■ Task item
The line with "CONVOCATORIA FEBRERO2019 002" marks the first line to copy, and the line with "단독 가정 주택 용 매매" marks the last. Transcribe that stretch of the data below exactly, without pictures.

■ Data for this exercise
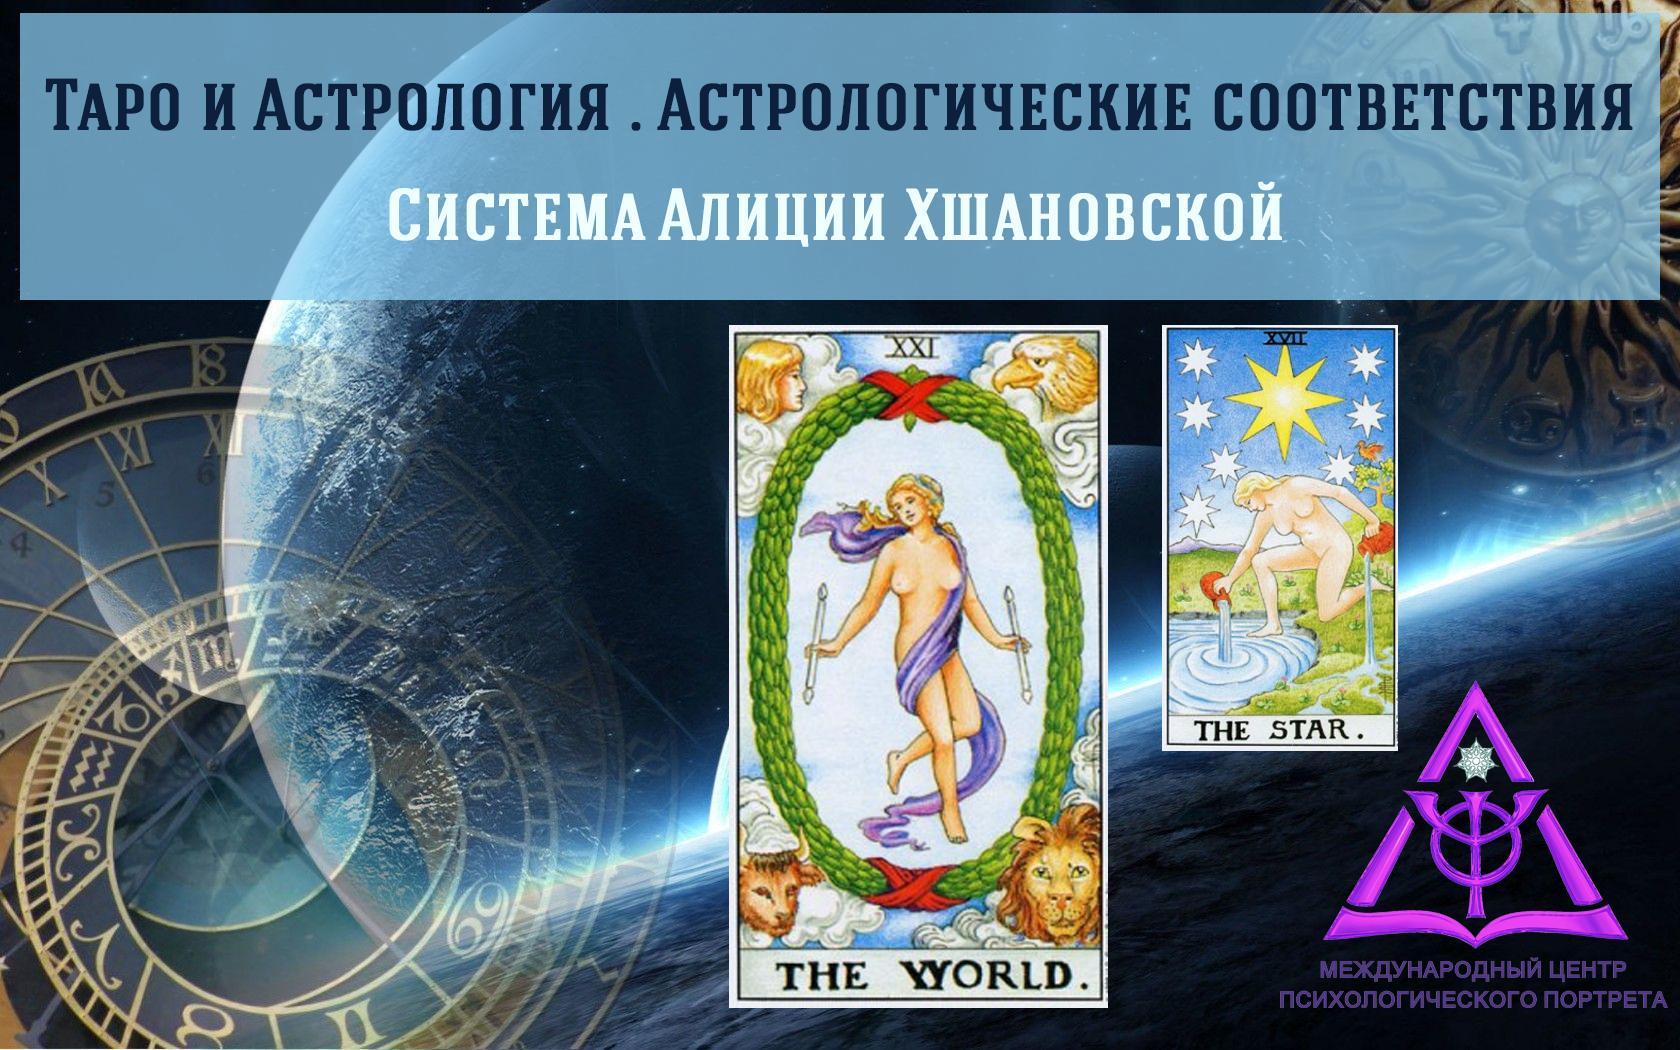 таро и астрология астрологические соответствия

...

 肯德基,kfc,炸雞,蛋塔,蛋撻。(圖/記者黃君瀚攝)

--

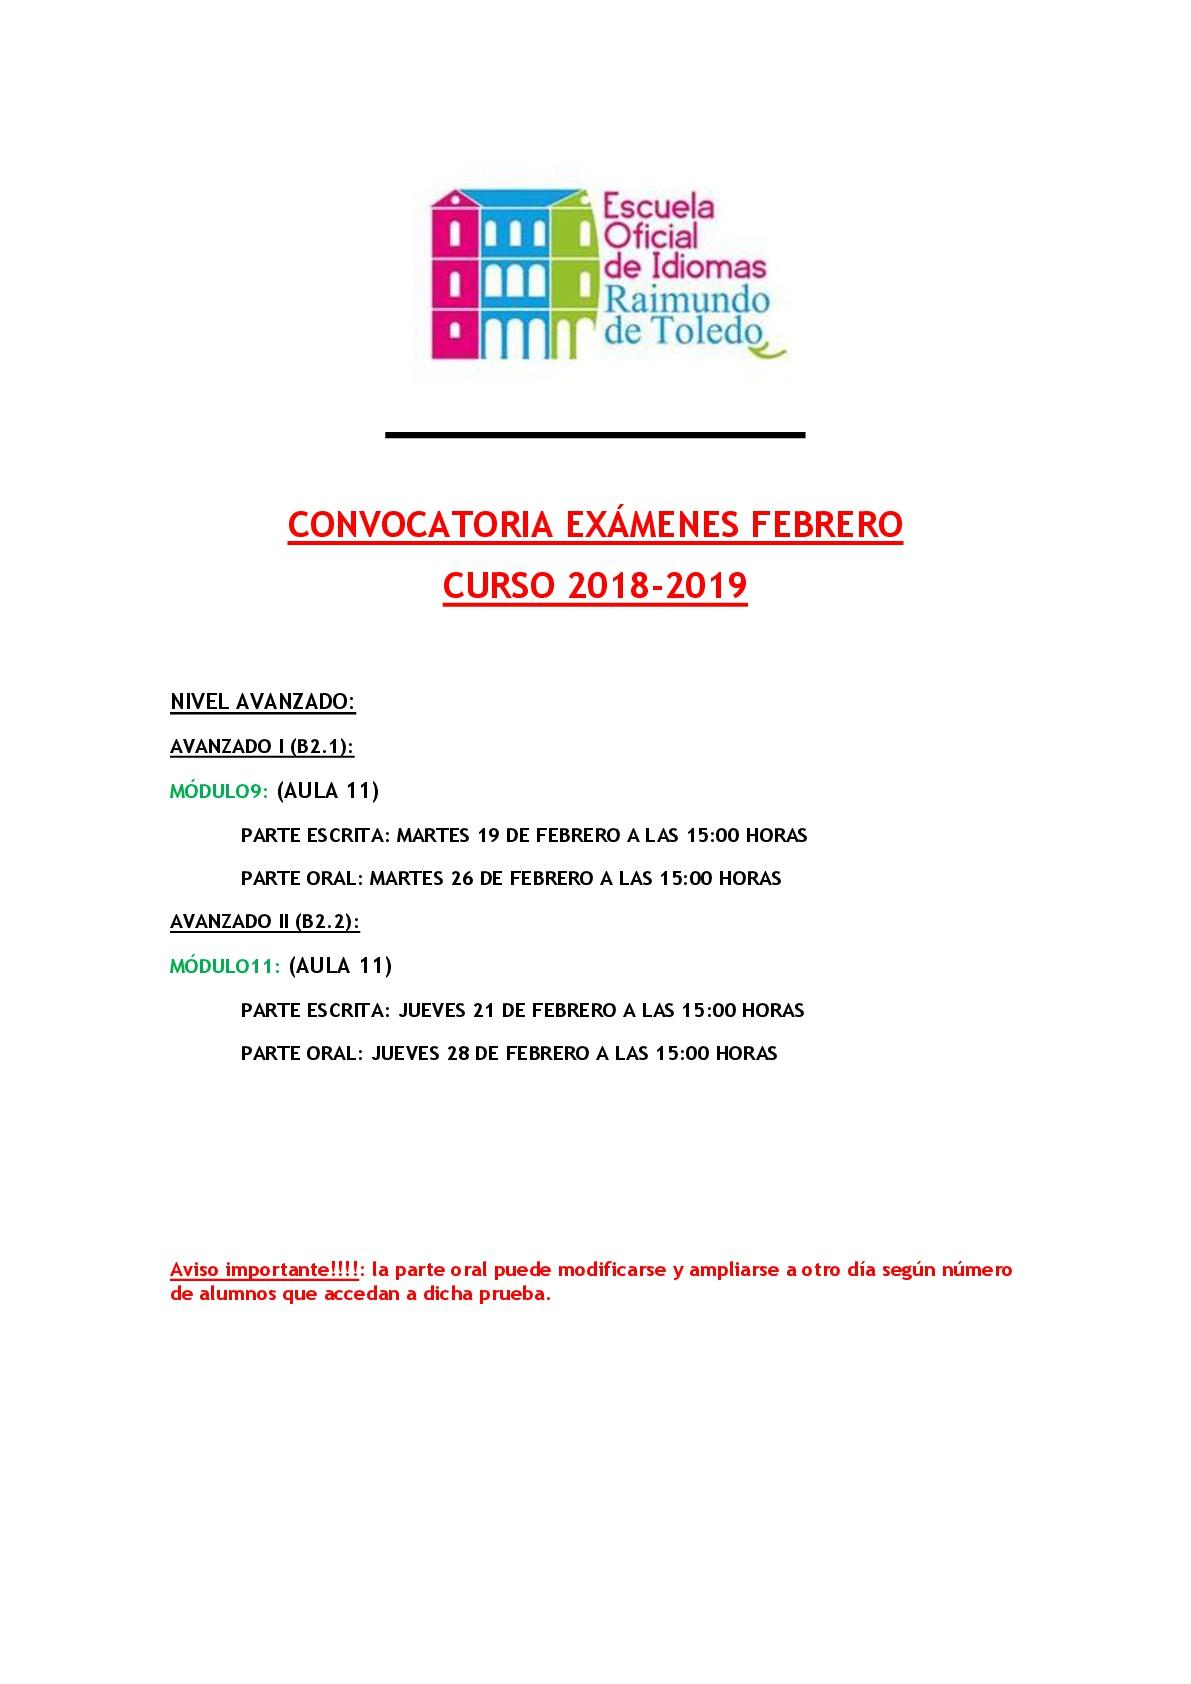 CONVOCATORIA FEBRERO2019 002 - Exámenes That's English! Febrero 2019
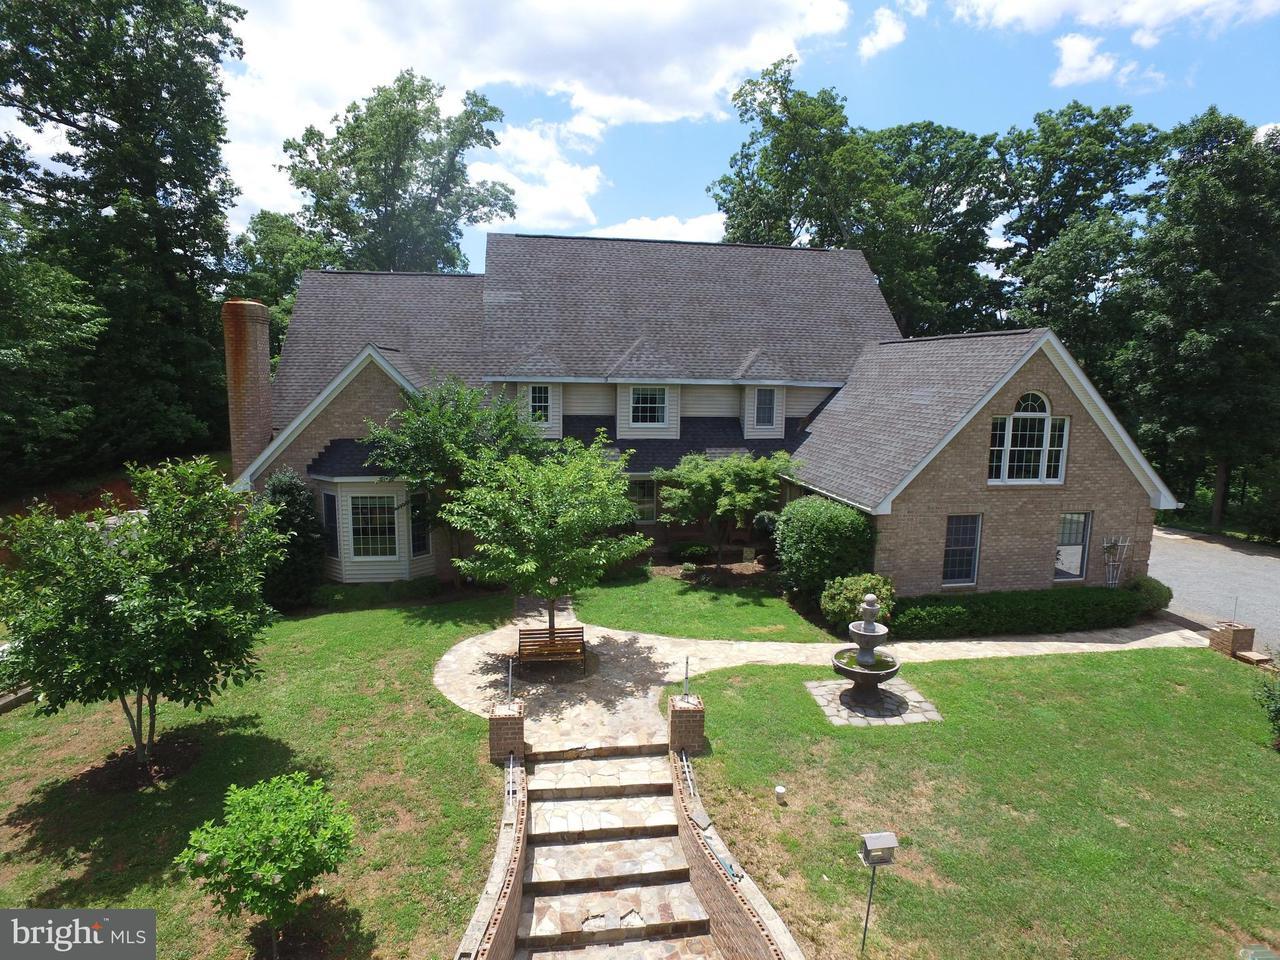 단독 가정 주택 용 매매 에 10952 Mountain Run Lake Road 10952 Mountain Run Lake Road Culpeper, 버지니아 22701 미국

■ Output of the task
 CONVOCATORIA FEBRERO2019 002 - Exámenes That's English! Febrero 2019
 단독 가정 주택 용 매매 에 10952 Mountain Run Lake Road 10952 Mountain Run Lake Road Culpeper, 버지니아 22701 미국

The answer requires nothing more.